The (truncated) output above shows that each of the specified directories contains 9,490 files, and all are offline. Each directory has a total of 45.71 TiB that currently reside on tape, with only 4.63 MiB of disk storage consumed. This residual disk storage is simply the cost of storing the remaining file metadata.
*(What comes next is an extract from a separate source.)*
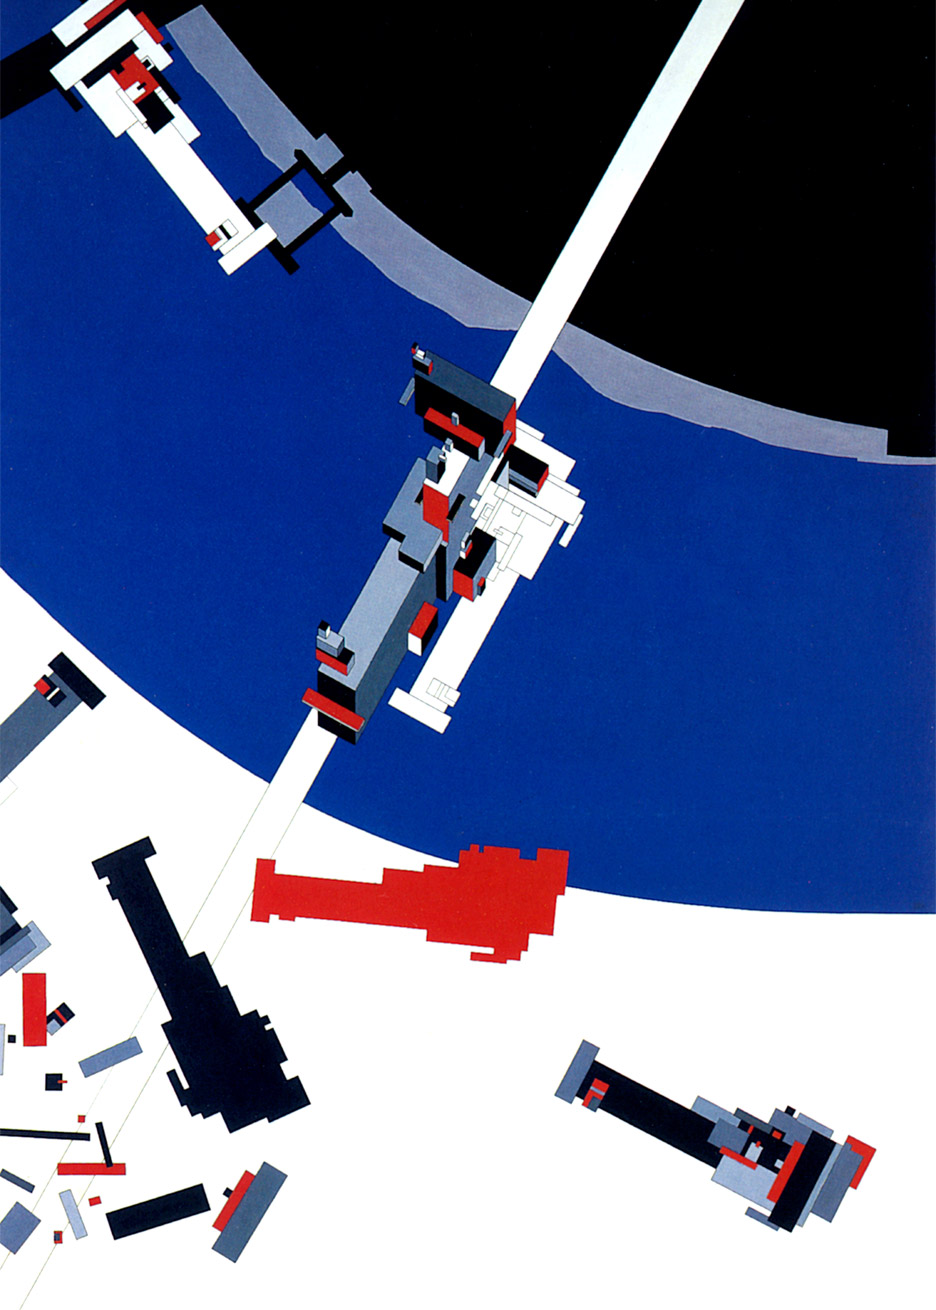 1976-1977-malevichs-tektonik-london-painting-zaha-hadid-architects-exhibition-palazzo-franchetti-venice-biennale-2016_dezeen_936_0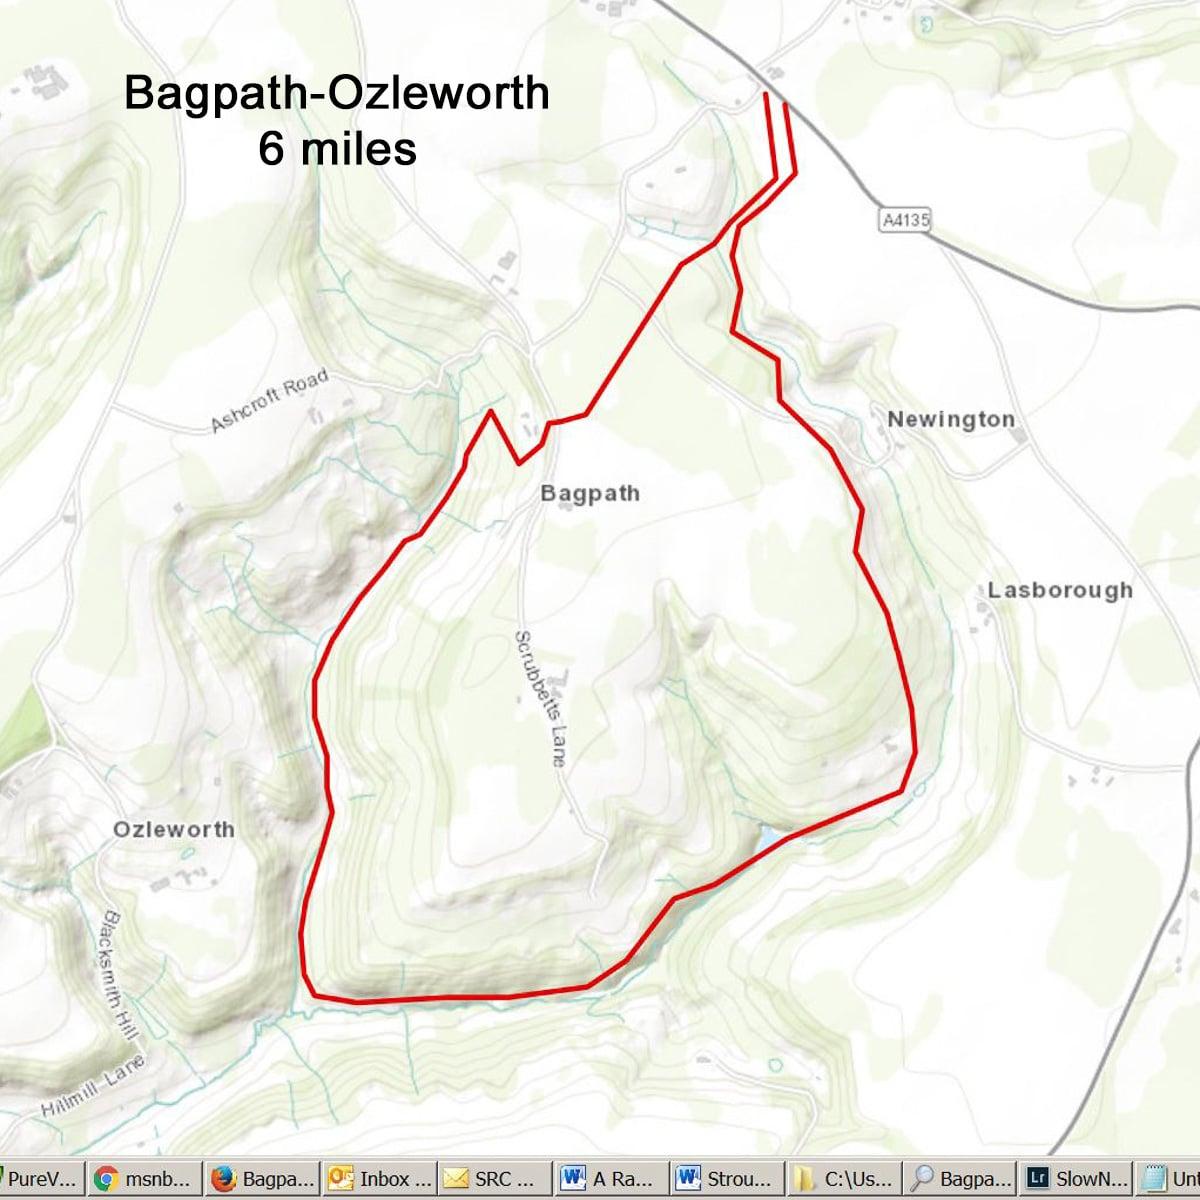 Bagpath-Ozzleworth.jpg

See glade_hsm status --help for additional details.

HSM best practices¶

Use gladequota to check your project quota before beginning a recall.
- glade_hsm will report the volume of data to be recalled and prompt for confirmation:
```
$ glade_hsm recall COLD_STORAGE/*
  Total Files: 4 / Offline: 2
  Disk Volume:  256.00 MiB
  Total Volume: 768.00 MiB
  Recall Volume: 512.00 MiB
Are you sure you want to continue (y/n)? y
2025-08-22@07:56:29: benkirk initiated recall request of 2 files
2025-08-22@07:56:29: requested file list: '/glade/u/CS_HSM/requests/recall-benkirk-b96c869aa8c3fe52-2025-08-22@07:56:29.filelist'
```
- Make sure there is adequate quota within your project to accommodate the recalled data volume.
- If you attempt to recall more data than your quota allows, the recall will likely succeed (because it is run with administrator privileges) but will exhaust your project's quota, preventing you from writing any new files.
Operate on directories when possible.
- While operations on individual files are supported, operations on subdirectories tend to be more efficient when many files are involved.
- You may issue a recall at any level deep within a COLD_STORAGE*/ path, for example glade_hsm recall ./COLD_STORAGE/myproj/case1/output/
- Recalling a small number of select individual files - for example model inputs, or a small number of tar files - is fine.
Easily identify candidate data for HSM migration using the usage reports described above.
- You can migrate even a single, large directory at the bottom of a directory tree if desired.
- You can run glade_hsm inspect <dirname> to assess the potential savings for a given directory to help decide if HSM is appropriate. For example:
```
$ glade_hsm inspect /glade/campaign/cisl/csg
Inspecting '/glade/campaign/cisl/csg' HSM suitability:
 ... found 100,000 files [17 offline], 5.44 TiB on disk
 ... found 200,000 files [17 offline], 6.39 TiB on disk [6.40 TiB accounting for compression & HSM]
  Total Files: 222,257 [17 Offline]
  Total Data:  6.66 TiB On Disk [6.67 TiB True Size, Accounting for Compression & HSM]
  HSM Suitability: 1,787 files, 4.58 TiB
```
  shows the number and volume of files within the specified path that would be migrated to tape under our HSM policies.
If you would like to permanently remove items from cold storage, please reach out to user support. System engineers can help remove files without recalling them first.